Dear Editor,

Here, we present a method to accelerate the differentiation of γ-aminobutyric acid (GABA) interneurons (GINs) from human pluripotent stem cells (hPSCs). Normal brain function requires balanced levels of excitation and inhibition of neurotransmitter. GINs are the main inhibitory neurons in the central nervous system, and they are thought to play a critical role in sculpting inhibitory network dynamics in the cerebral cortex (Rossignol, 2011). Thus, dysfunction of GINs induces many neurological diseases, such as epilepsy, major depression, anxiety, and autism. Since it is difficult to recover from the dysfunction/loss of GINs in the neural network, exogenous GIN transplantation has been considered a potential therapeutic strategy for the treatment of GIN-associated neurological diseases. Although reported methods offer various ways to differentiate high-purity human GINs from hPSCs, it still takes >1 month to obtain a high proportion of GINs (Table 1).
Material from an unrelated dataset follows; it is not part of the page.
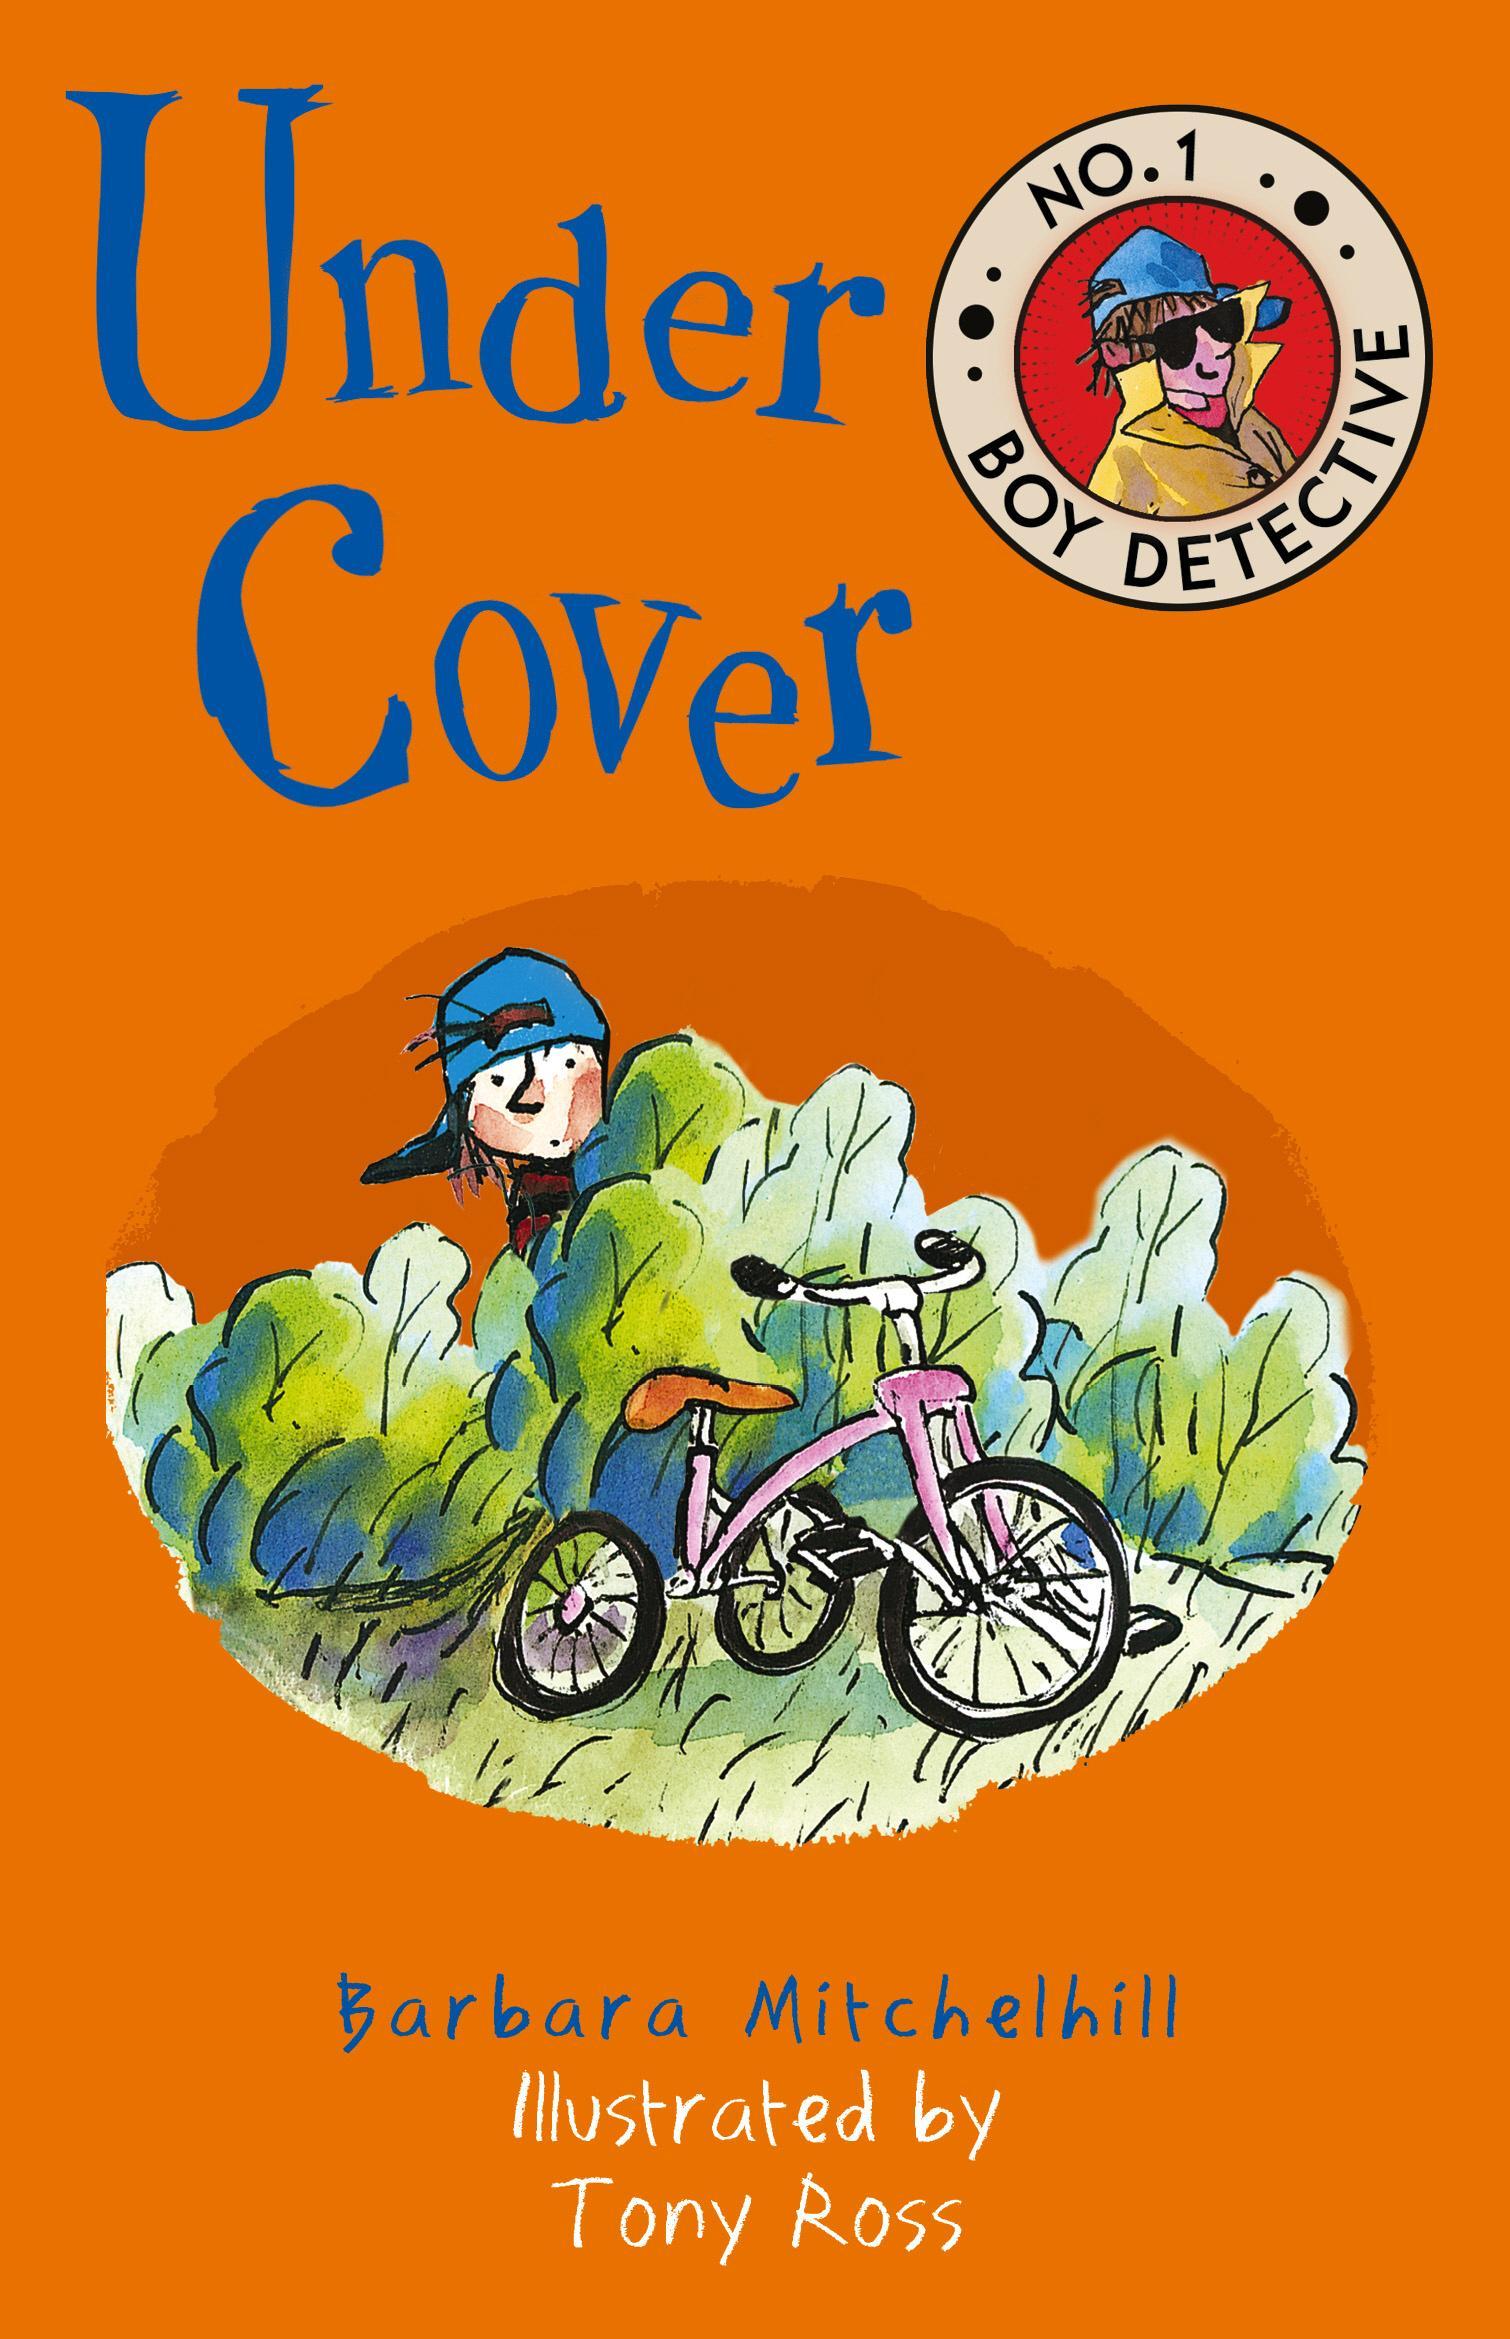 Under Cover (No. 1 Boy Detective)

Moreover, the protracted timing of human GIN specification and subtype maturation remains a key challenge that hampers the routine application of hPSC-derived lineages in disease modeling and regenerative medicine studies. Additionally, the current differentiation method mainly relies on co-culture with rodent cortical neurons/astrocytes and cell sorting, which limits the application of human GINs for cell transplantation and therapy. Therefore, it is urgent to establish a time- and cost-effective, highly efficient non-xenogenic differentiation system for differentiating human GINs. Here, we sought to identify small molecule (SM)-based conditions that accelerate the differentiation of human GINs without adding any components with heterologous origins or performing genetic manipulations.